In UI frameworks the widgets draw themselves using resources that are cached or preloaded by the system. Logical objects should not have ownership over shared data. It's bad design in anything that's non-trivial.
In Qt, images are loaded as soon as a QPixmap object is instantiated, causing a lag like the one in my game when lots of large images are being loaded. But anyway, I agree, the widgets shouldn't own the resources. I do have an asset loader already and I can move the image loading into it, and also add caching.
Then you can implement your resource manager as a cache and map resources by URI or something. It really sounds like you're making this more complicated than it needs to be. What kind of GUI needs so many distinct resources that you're afraid to pre-load all of them?
I'm not afraid to preload them all, I think that's going to be necessary. It's only going to be 100-200 MB, so that should be fine even on ancient systems. The OS will page unused resources out anyway. I was thinking that it may be better to have a loading screen for each scene, but I suppose that's not really necessary at this scale.
My problem is that I can't figure out how to preload everything, I never had to think about this before working with less/smaller images. Only the widgets know which images they need, so I see only two options:
1. Instantiate all widgets upfront - they'll load their resources
2. Figure out which images to load without consulting the widgets
Your suggestion sounds like option 2, and it does indeed seem better.

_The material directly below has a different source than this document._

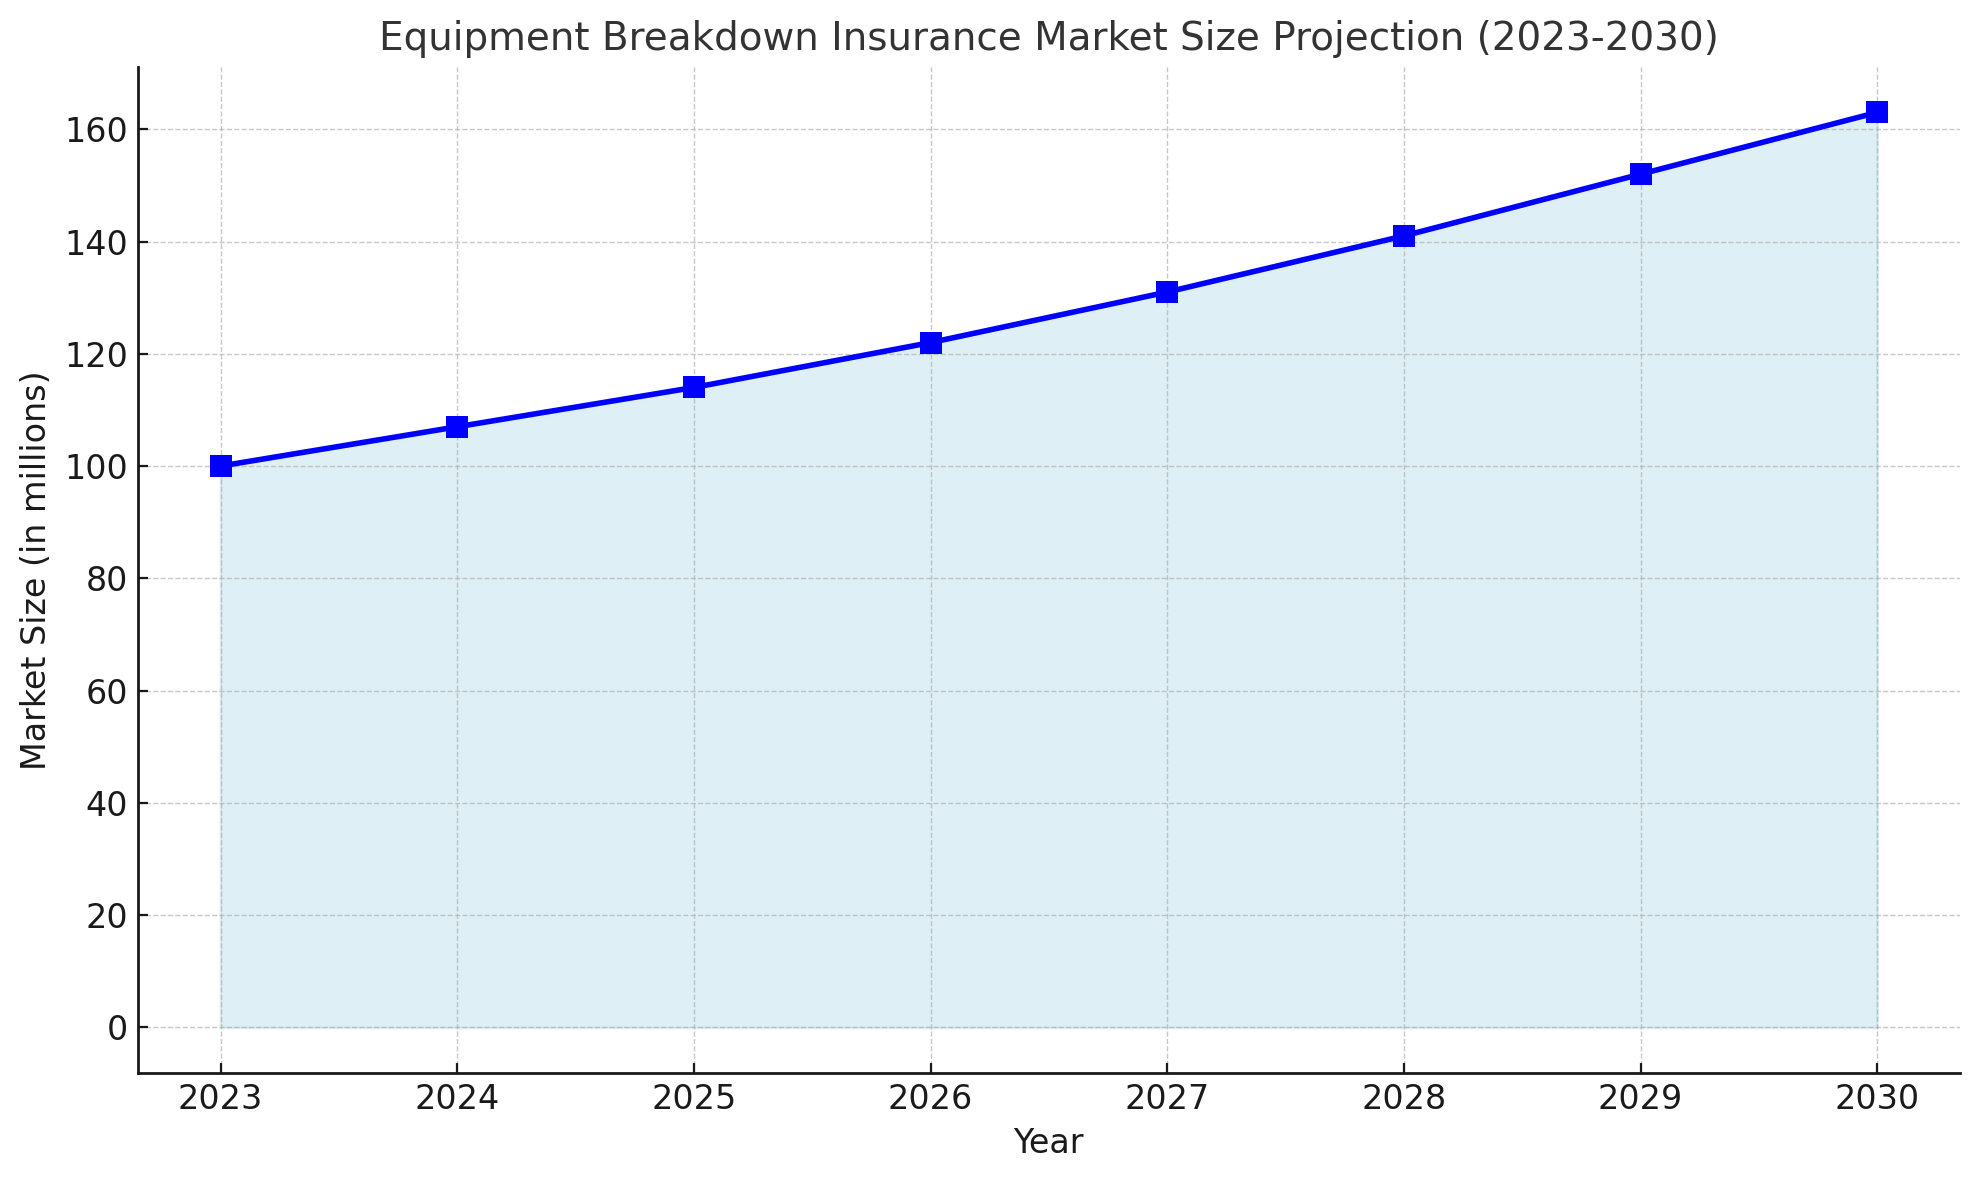 Line Graph of the Equipment Breakdown Insurance Market Size Projection from 2023 2030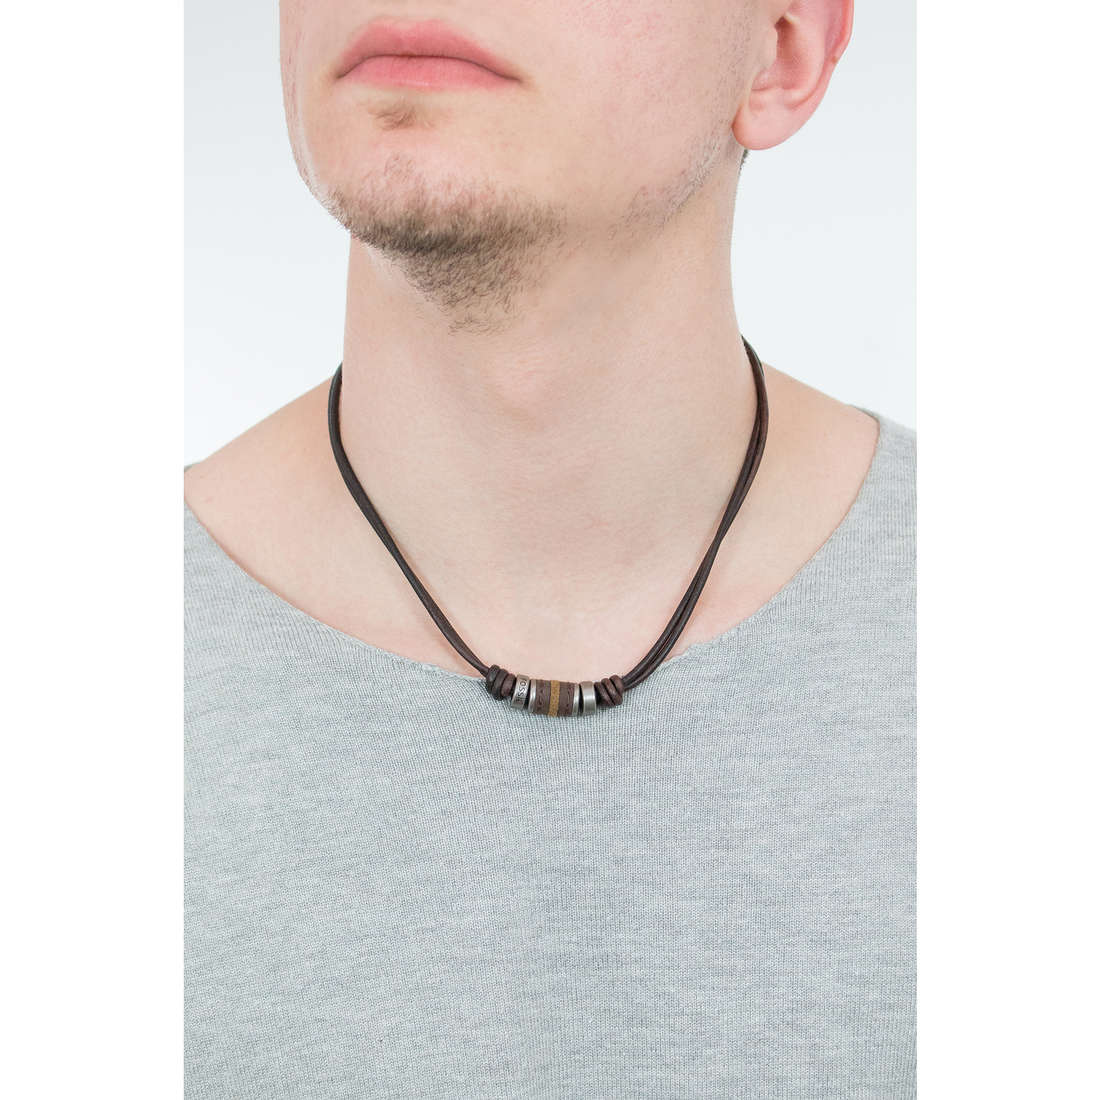 Fossil necklaces Fall 2013 man JF00899797 wearing

Now I'm wondering how to implement that, seeing three options:
2a. Have a mapping between image IDs and image paths - use the image IDs in widgets, preload all the images from the mapping file on startup
2b. Have a file that lists all the resources that should be preloaded
2c. Just load all image files in the directory
2a Seems tedious - I'll have to add every single image file I use there. 2b is similarly tedious and on top of that error prone - it's easy to forget. 2c involves no manual effort, but I have to make assumptions about what to load (e.g. every file name ending with .png) and it may load too much if there are unused resources.
How is that commonly being solved? Considering that many games have loading screens per scene or level, how do they figure out which resources are required upfront?